Вы нажимаете на ссылку, не дочитав текст до конца. К моменту, когда вы попадаете на страницу входа в систему, вы уже не можете отступить. Ссылка ведет на сайт, который выглядит вполне достоверно. Вы вводите свои учетные данные, и злоумышленник получает доступ к вашей учетной записи. 

Обратите внимание на следующее: в тексте сообщения отсутствуют конкретные данные учетной записи (в настоящих уведомлениях обычно указывается ваше имя пользователя или последние четыре цифры какого-либо номера), домен отправителя похож, но не совпадает, а на странице входа требуется ввести больше данных, чем обычно.

Дополнительные типичные шаблоны фишинговых сообщений

Несколько шаблонов, которые постоянно встречаются в различных отраслях: 

• Мошенничество с поддельными счетами: счет от поставщика, которого вы вроде бы знаете, или счет, который на первый взгляд выглядит вполне достоверно, с просьбой произвести оплату на новые банковские реквизиты.

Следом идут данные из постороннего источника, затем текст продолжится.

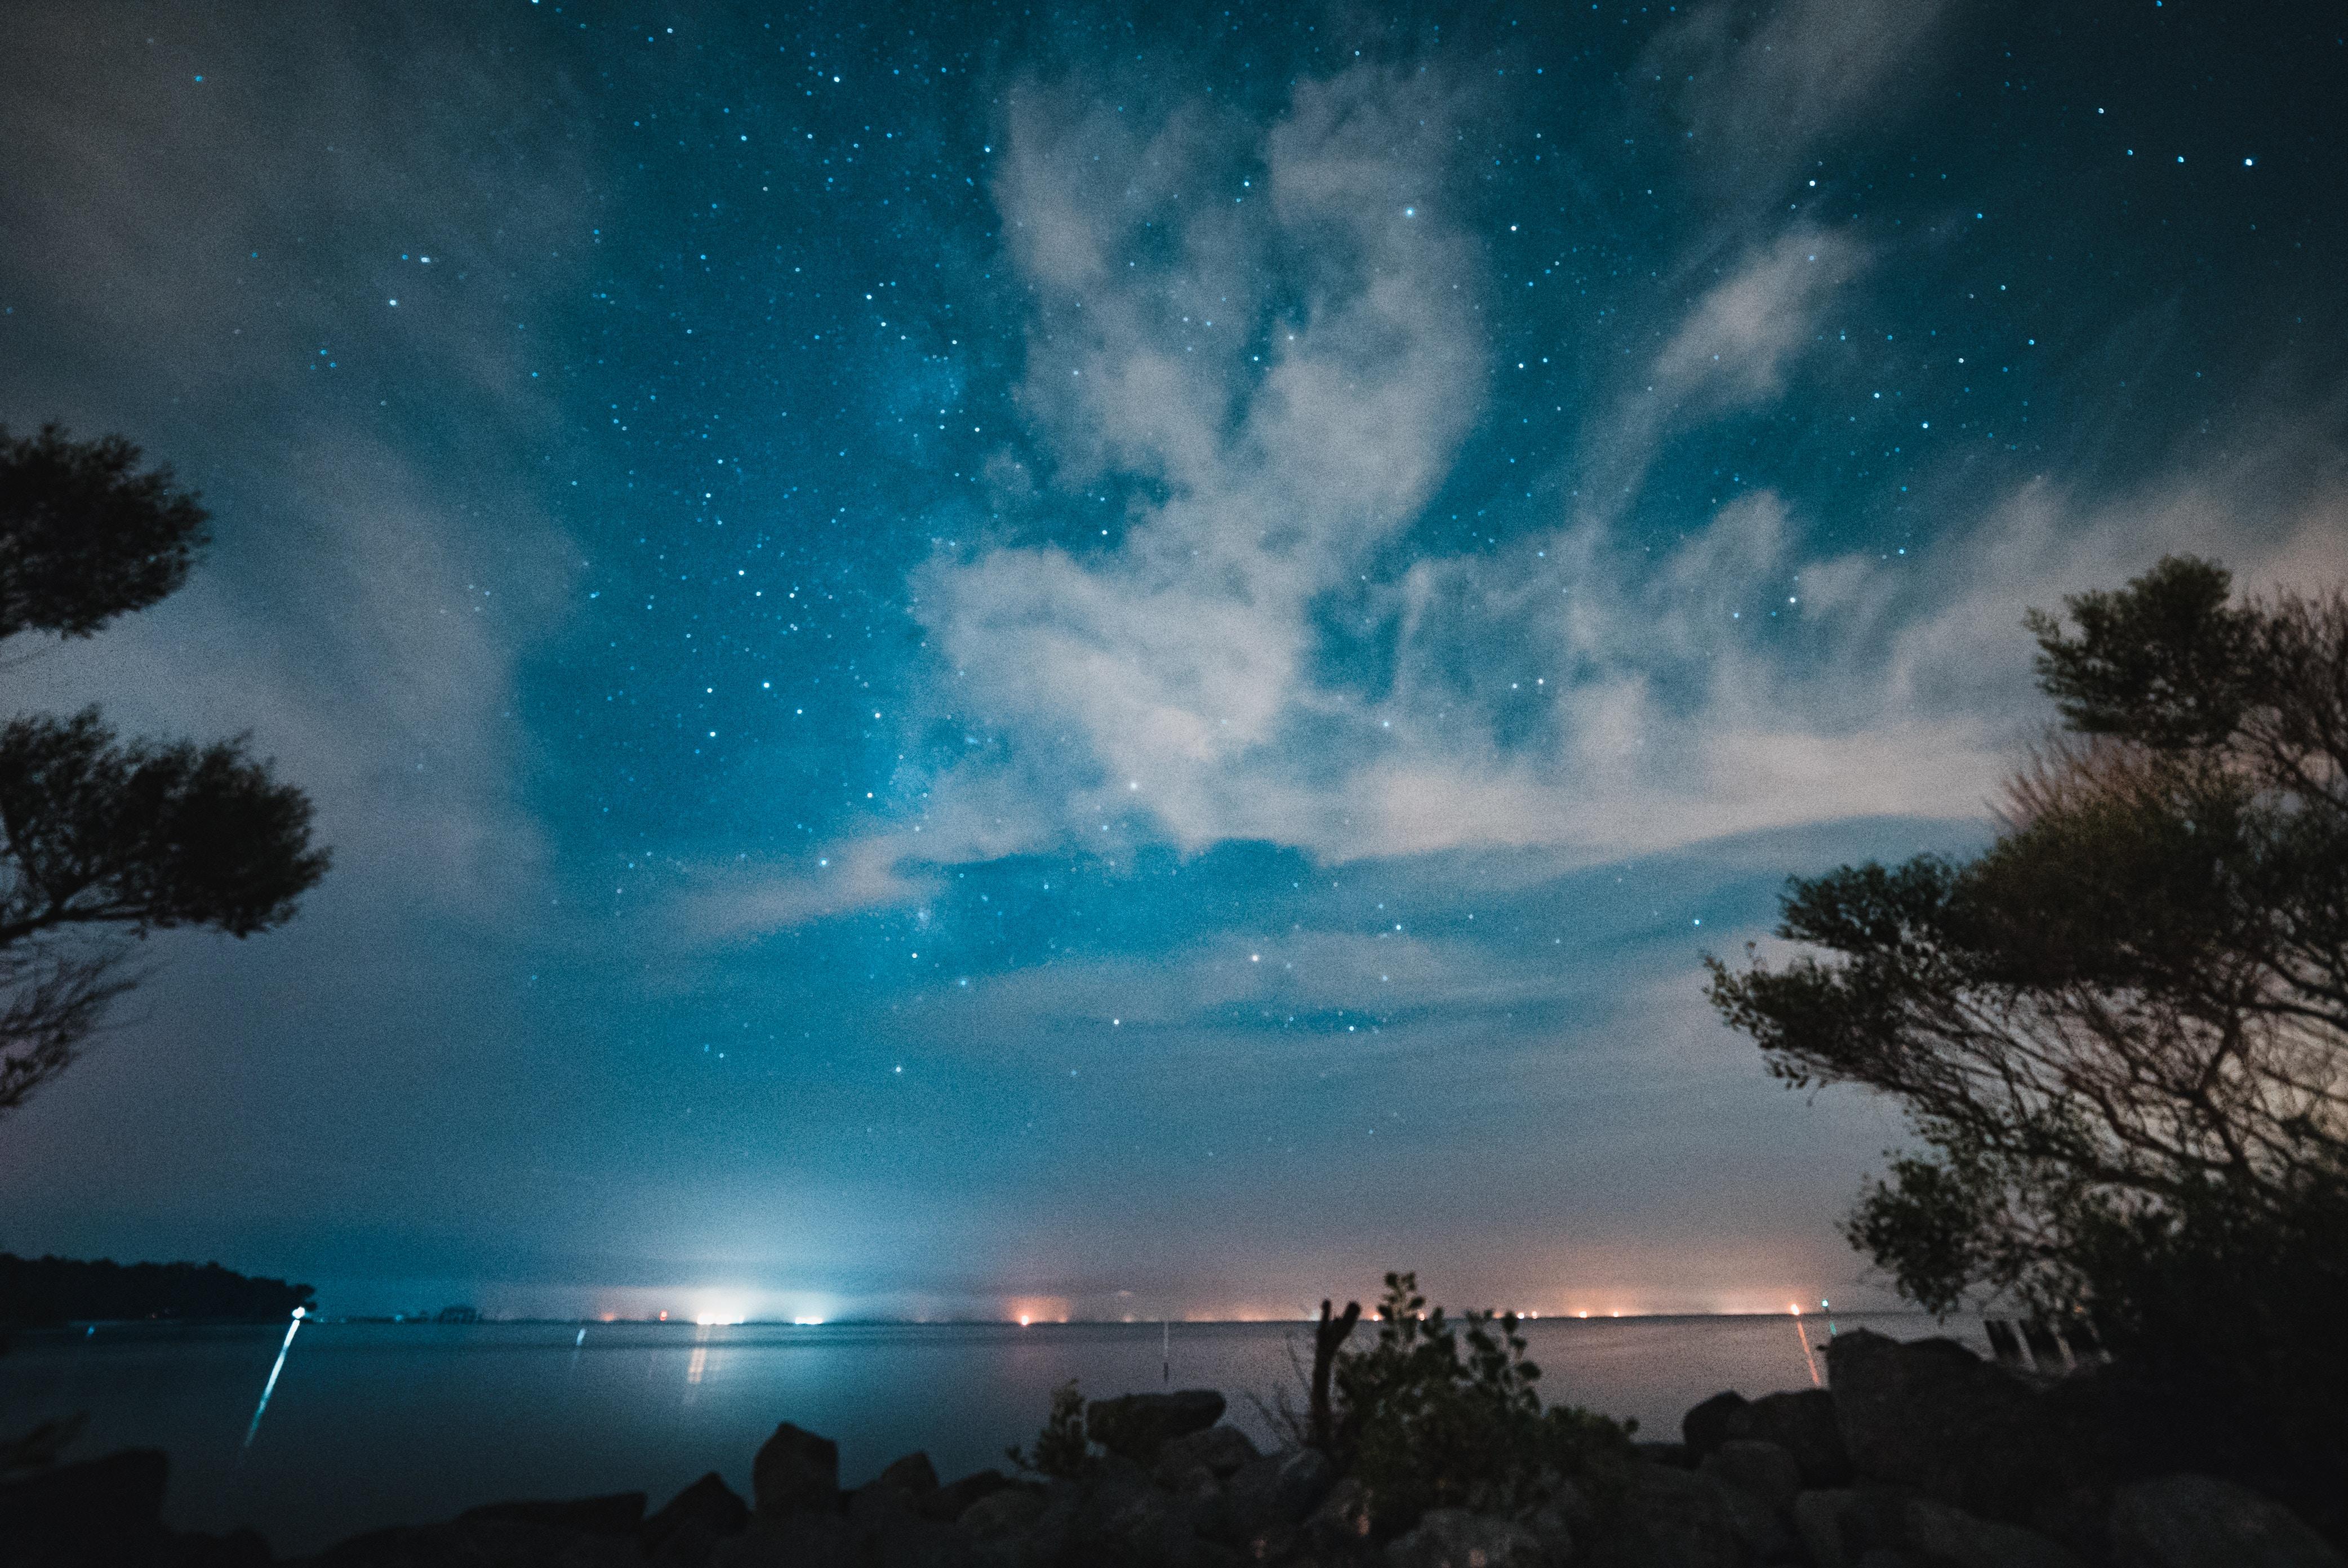 Wallpaper starry sky night river 4168x2784     1182732   HD 4168x2784

Отделы по работе с кредиторской задолженностью получают такие письма регулярно. Сумма, как правило, находится в пределах, не требующих дополнительного утверждения. 
• Мошенничество с «обновлением» учетной записи: предложение обновить используемый вами сервис с просьбой предоставить платежные данные для завершения процедуры. Иногда мошенники выдают себя за инструмент, на который ваша компания действительно подписана. 
• Мошенничество в сфере управления персоналом: поддельные письма по поводу заработной платы или льгот, в которых вас просят обновить банковские реквизиты или подтвердить личные данные. Такие письма рассылаются в период адаптации новых сотрудников или во время ежегодной регистрации, когда подобные запросы являются ожидаемыми и люди реже подвергают их сомнению. 
• Мошенничество с облачными хранилищами: «Кто-то поделился с вами документом». Ссылка ведет на поддельную страницу входа в Google Drive, OneDrive или Dropbox. Вы вводите свои учетные данные, чтобы просмотреть файл, которого на самом деле там никогда не было. 

2. «Вы выиграли в лотерею»

Эти письма попадают в почтовые ящики с сообщением о выигрыше — иногда это денежная сумма, подарочная карта или нечто неопределённое под названием «выигрыш» — и содержат просьбу предоставить личные данные для оформления выплаты. Требуются имя, адрес, дата рождения, а иногда и банковские реквизиты для перечисления средств. Домен отправителя не соответствует ни одной реальной организации, грамматика в письмах, как правило, оставляет желать лучшего. Часто в письмах указан номер телефона за рубежом или общий адрес электронной почты для дальнейшей связи.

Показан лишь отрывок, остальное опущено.